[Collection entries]
:::
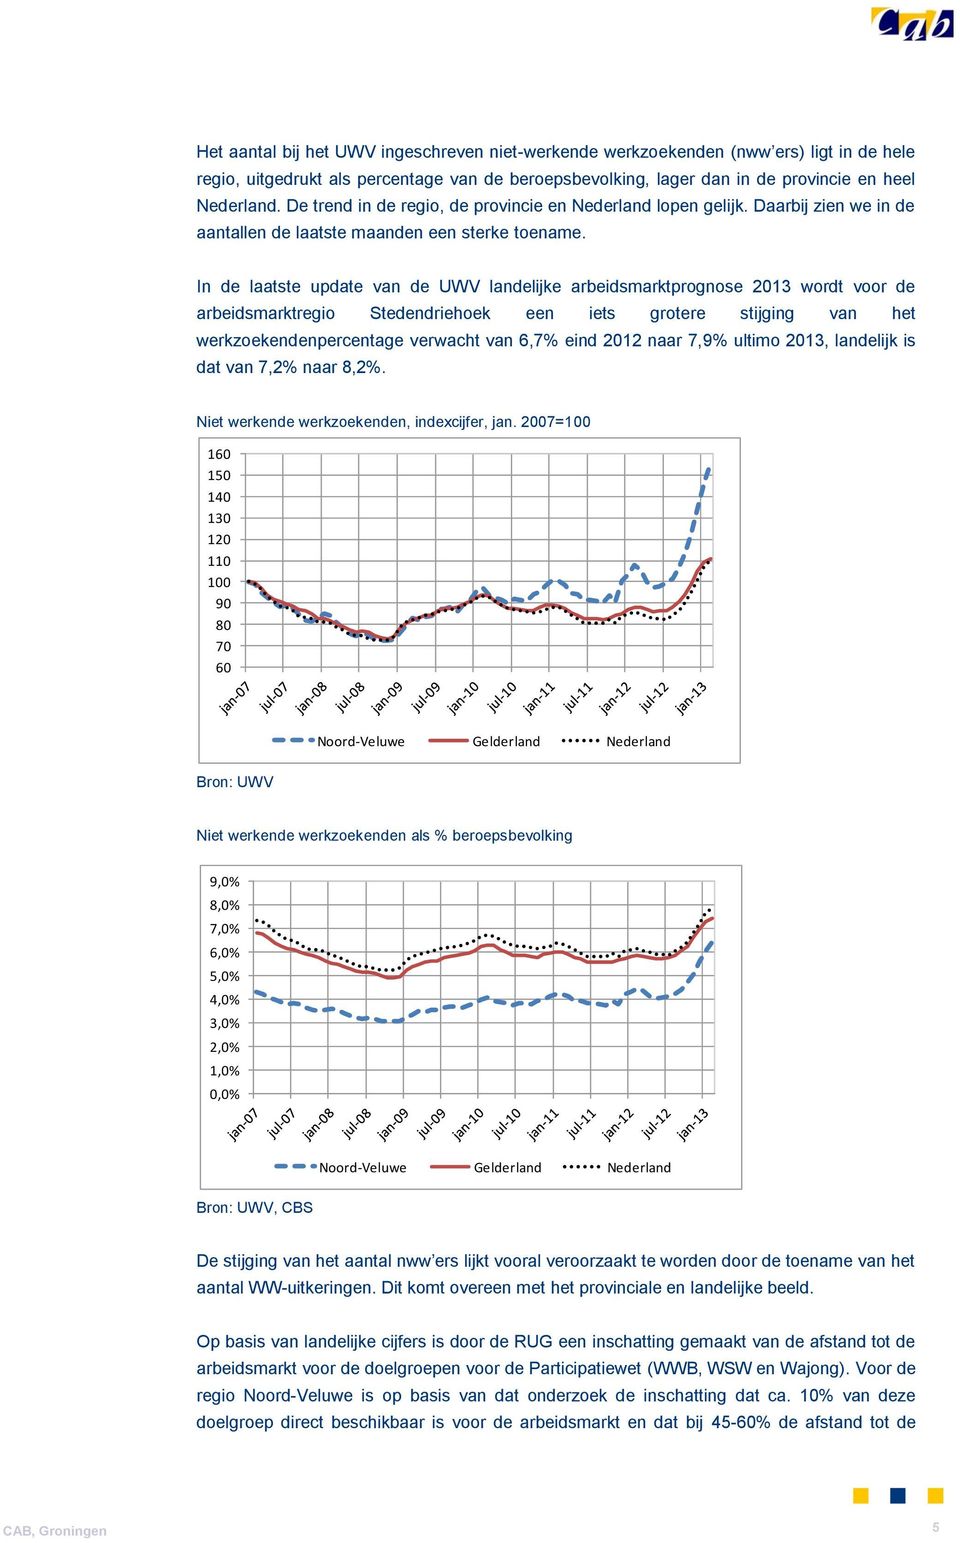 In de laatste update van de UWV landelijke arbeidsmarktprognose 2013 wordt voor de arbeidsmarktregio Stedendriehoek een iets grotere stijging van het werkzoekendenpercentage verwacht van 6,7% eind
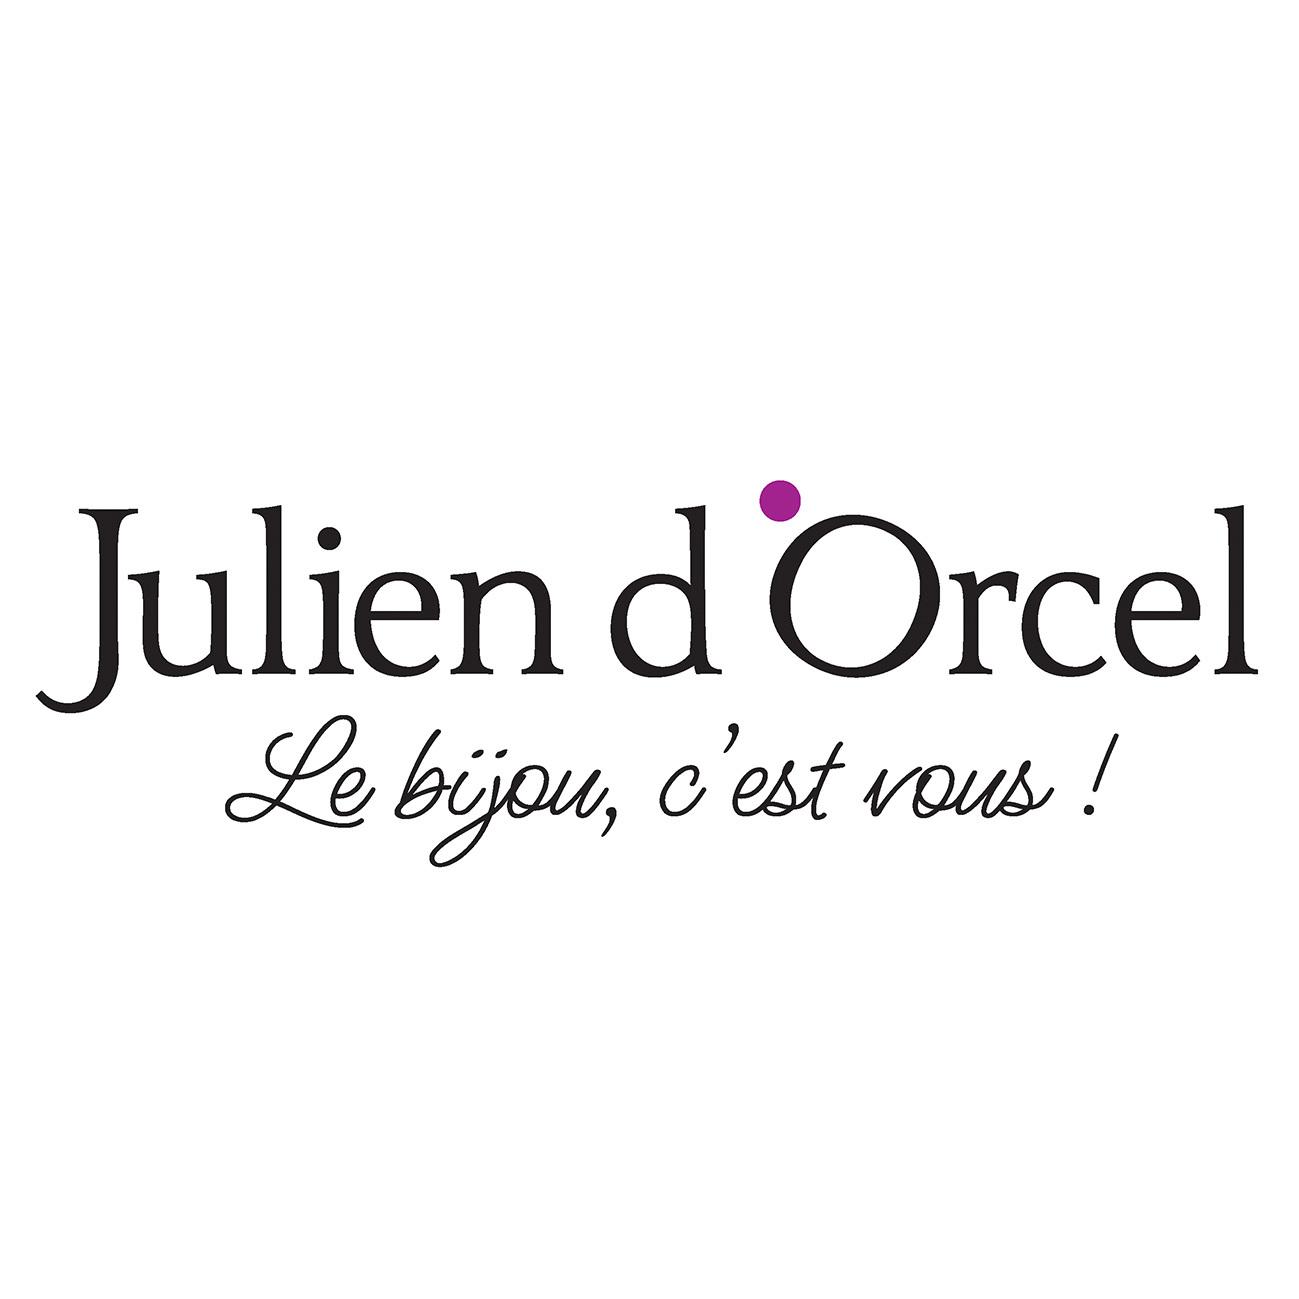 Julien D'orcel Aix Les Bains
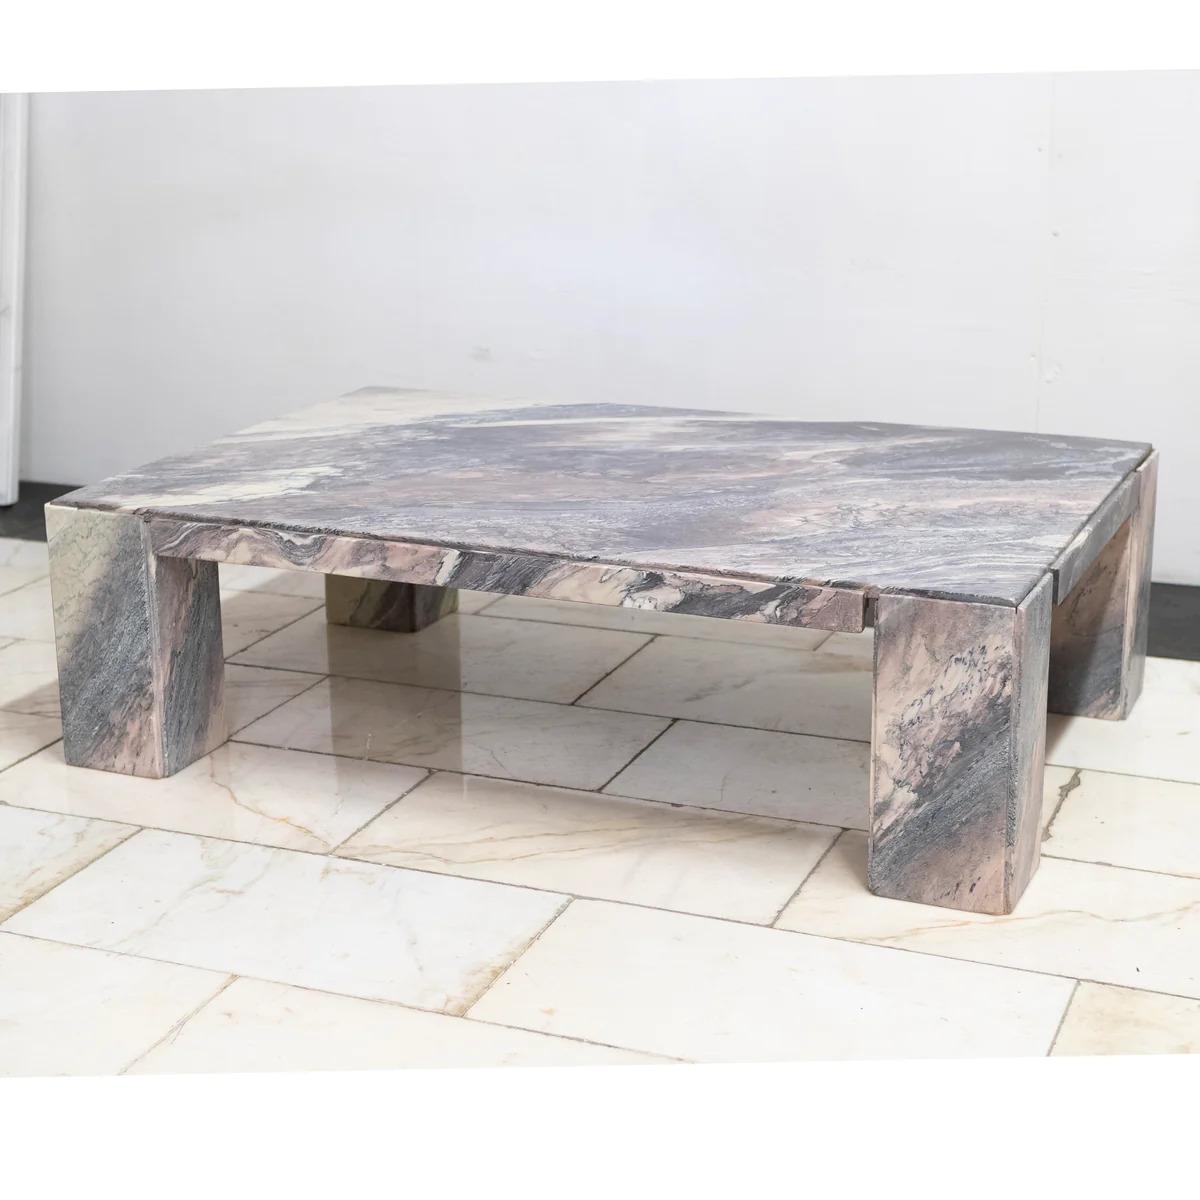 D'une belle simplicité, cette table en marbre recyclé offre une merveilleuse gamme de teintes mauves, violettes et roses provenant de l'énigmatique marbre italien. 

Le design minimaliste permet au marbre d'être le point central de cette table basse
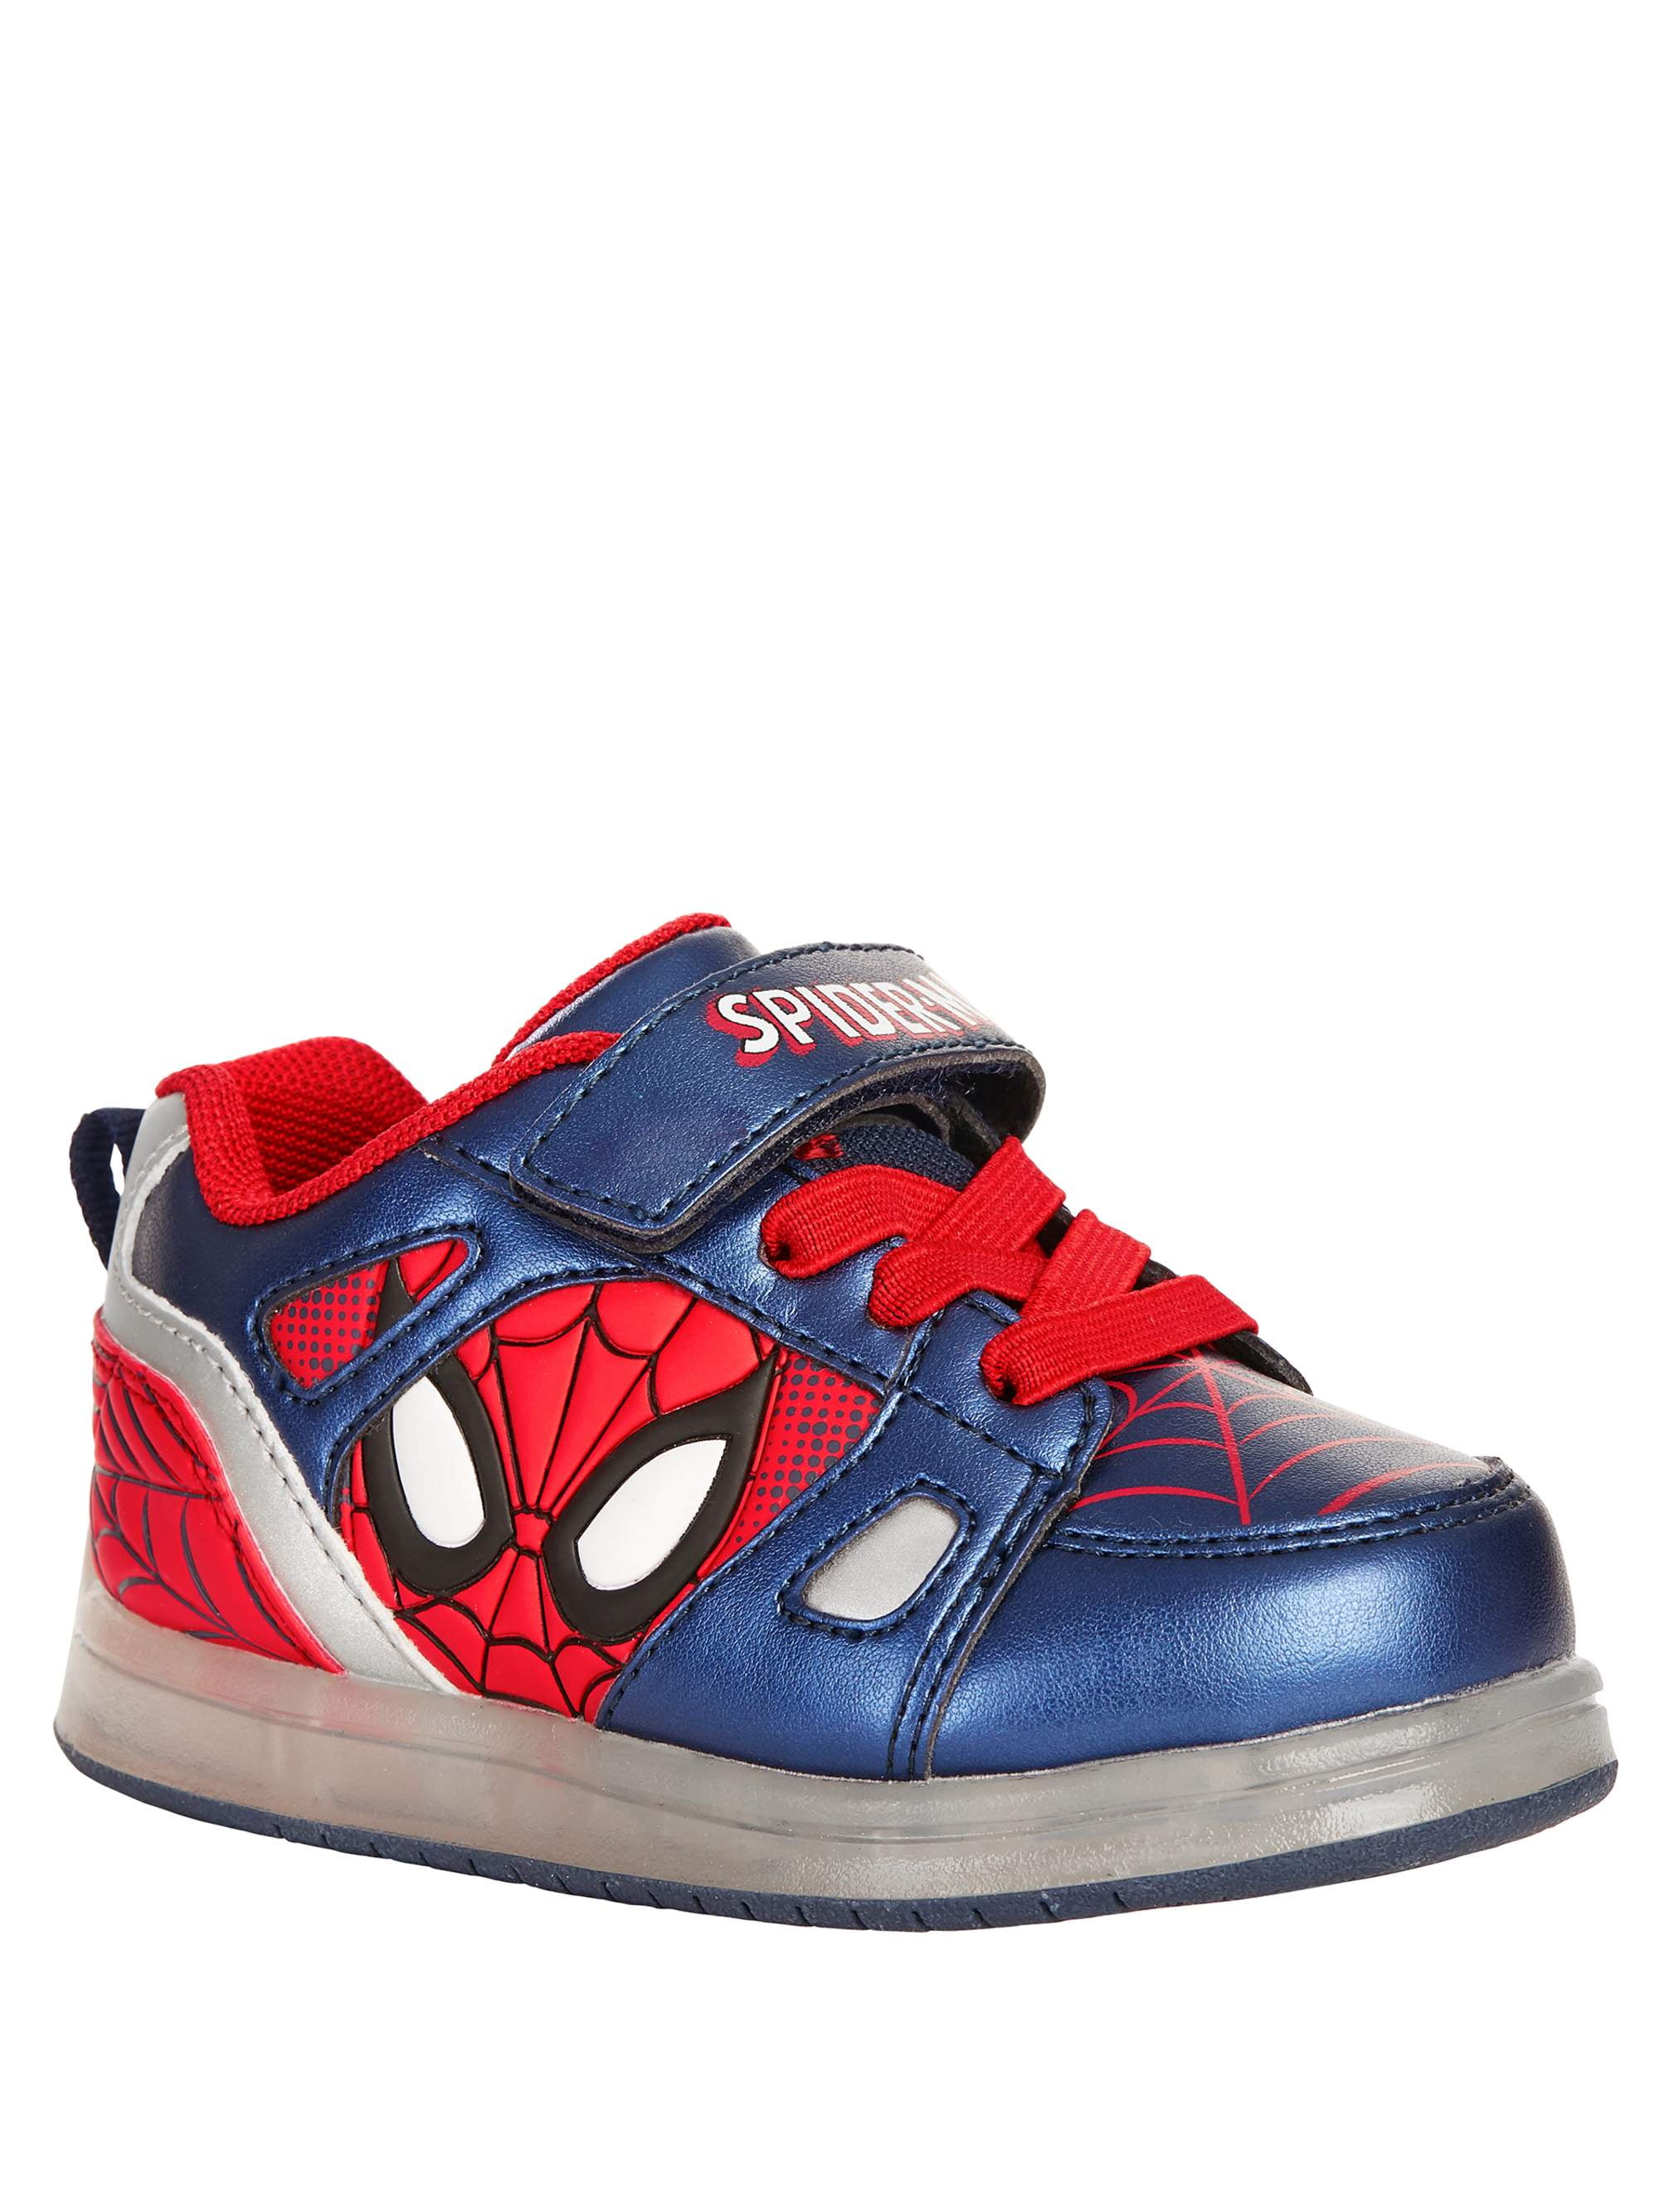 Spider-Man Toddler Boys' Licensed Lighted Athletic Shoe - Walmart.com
:::
Task requirements »
Retype all the data exactly; skip the pictures.

Response to the task »
 In de laatste update van de UWV landelijke arbeidsmarktprognose 2013 wordt voor de arbeidsmarktregio Stedendriehoek een iets grotere stijging van het werkzoekendenpercentage verwacht van 6,7% eind
 Julien D'orcel Aix Les Bains
 D'une belle simplicité, cette table en marbre recyclé offre une merveilleuse gamme de teintes mauves, violettes et roses provenant de l'énigmatique marbre italien. 

Le design minimaliste permet au marbre d'être le point central de cette table basse
 Spider-Man Toddler Boys' Licensed Lighted Athletic Shoe - Walmart.com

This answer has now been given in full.